Thursday, 29 April 2010

premiership and charity

A couple of days ago I received a last minute call on a Sunday evening to do a PR job the following day. I'm happy to do PR and it was a fairly standard press junket with a premiership footballer who was doing some marketing for a new Disney computer game. So I arrived at the boutique hotel in central London and walked into the suit that had been hired to find Sean Wright Phillips sat on a sofa staring intently at a large flat screen TV on which he was playing a racing game called Split Second Reality. As a professional footballer Sean is obviously very competitive and as the various journalists came through for their 30 minute interview which followed pretty much a similar format, Sean took on all challengers and took great pleasure in beating all of them.

It was quite a long session for Sean and having already notched up several hours over the weekend mastering the beta version of the new game he played it fairly constantly for 5 hours through all the interviews, filming and photography.

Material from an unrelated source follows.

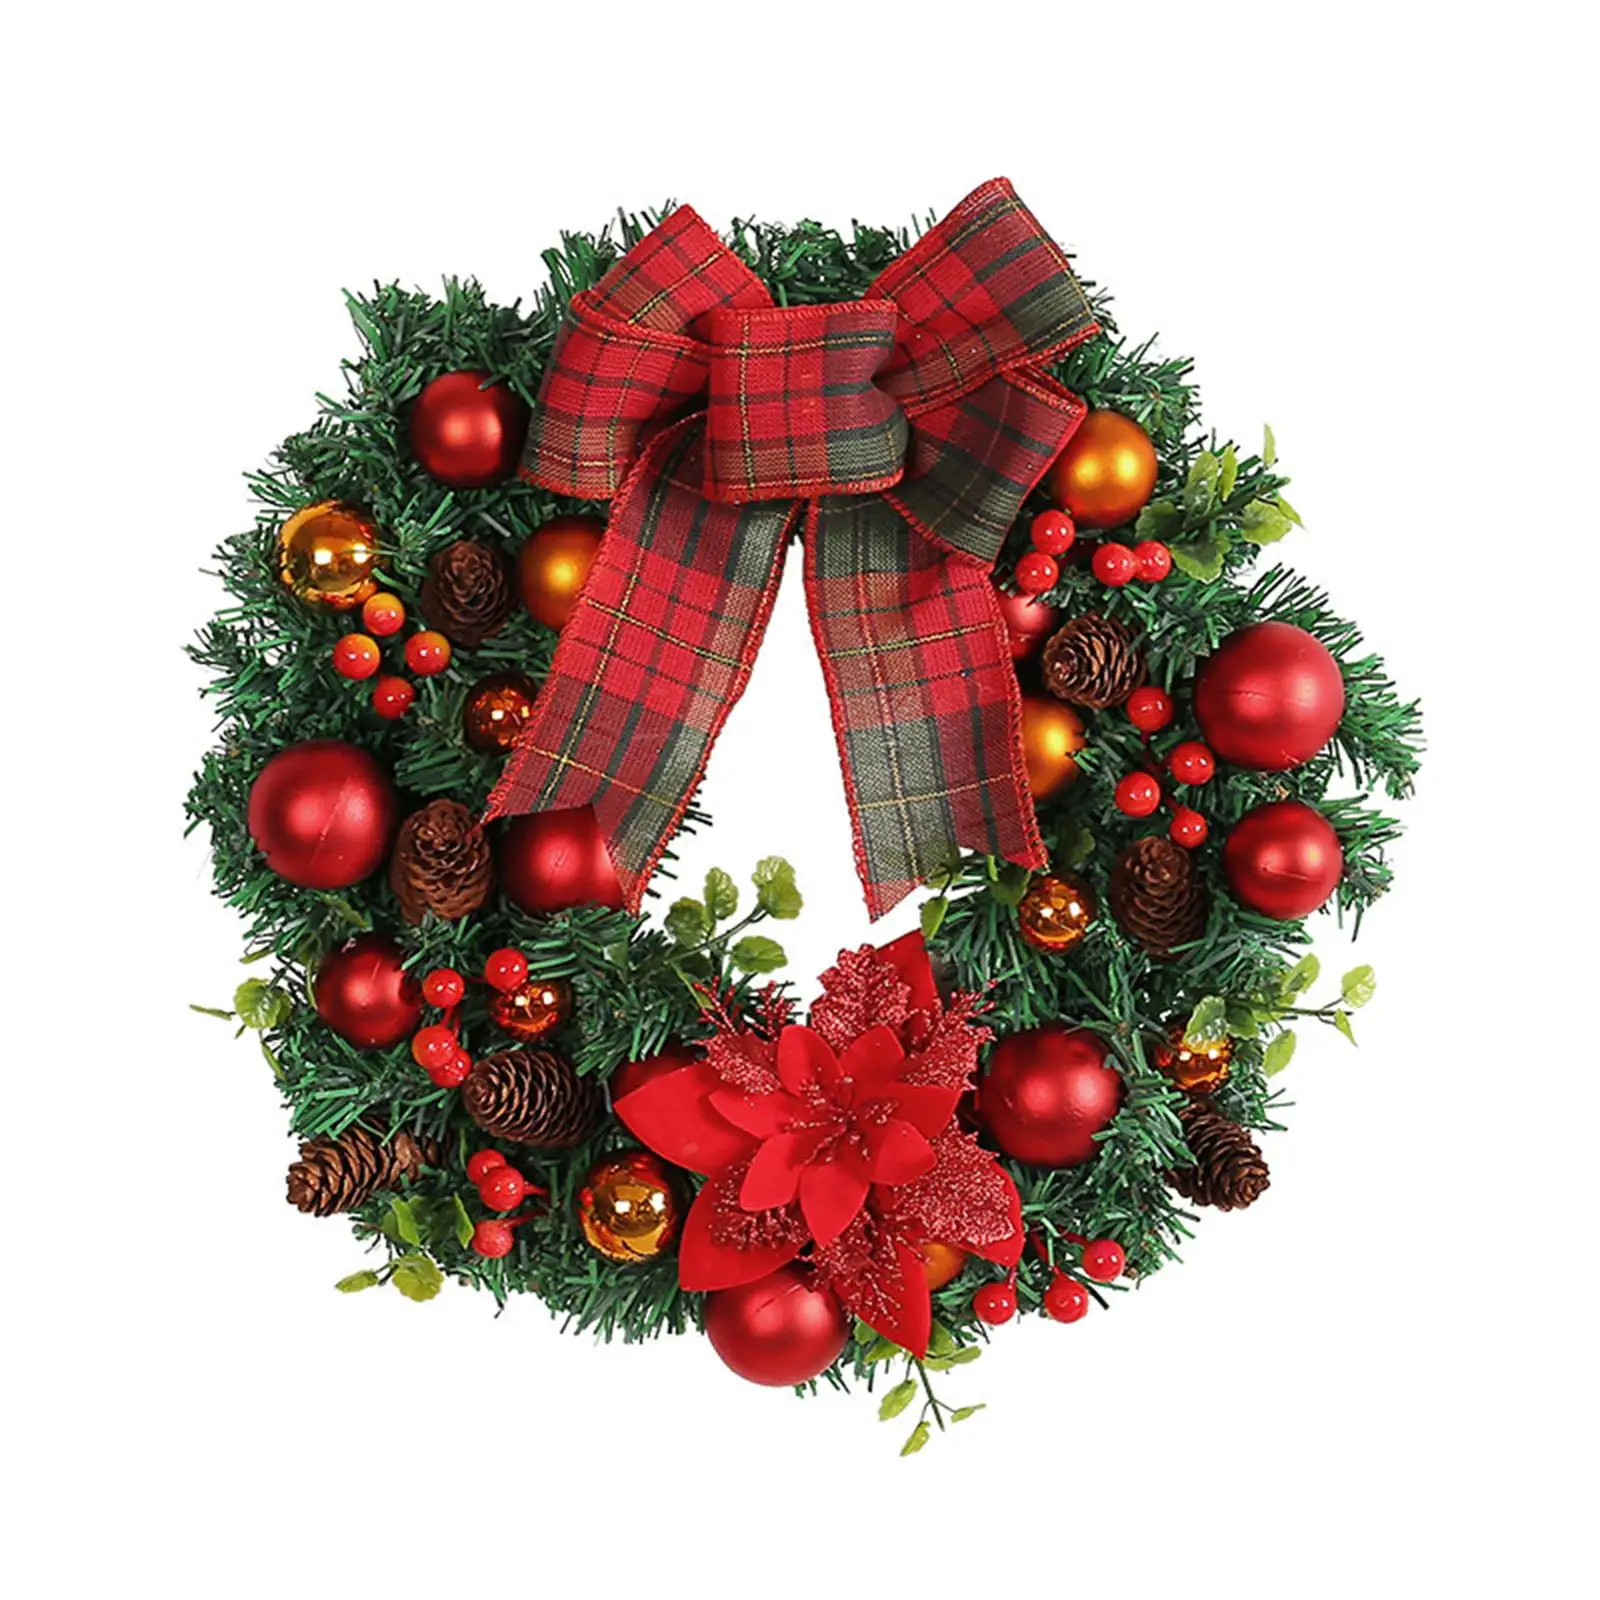 Artificial Christmas Wreath Outside Indoor Outdoor Holiday Garland Decoration for Fireplace Garden Wedding Living Room Party

Overseeing all of this was his manager and Aunty, Dionne Wright. Toward the end of the session she asked me if I was freelance because they were organizing a trip to Guatemala to visit a charity that SWP supports called Education for the Children. I joked that I had a passport and would almost certainly be available not realizing that she was actually enquiring exactly that. So after sending the photographs to the client I sent an email to Dionne outlining my experience with NGO's and editorial as well as sending a link to some pics I did with Oxfam. A phone call last night from Dionne confirmed that the email had gone down well and that they had been impressed with how I worked on the job, relaxed yet professional. She said that they think I will be perfect for the job and they are just waiting to hear if channel 5 are going to come as well to make a doco in which case there will be more money to play with. But even if they don't then apparently that doesn't necessarily mean I won't go. So I am awaiting the call to confirm details and the dreaded conversation about money, the one I always hate and the main reason I sometimes feel I could do with an agent. I have a figure in mind based on what other NGO's pay and how the pictures are licensed after wards but we'll see what their requirements and expectations are first.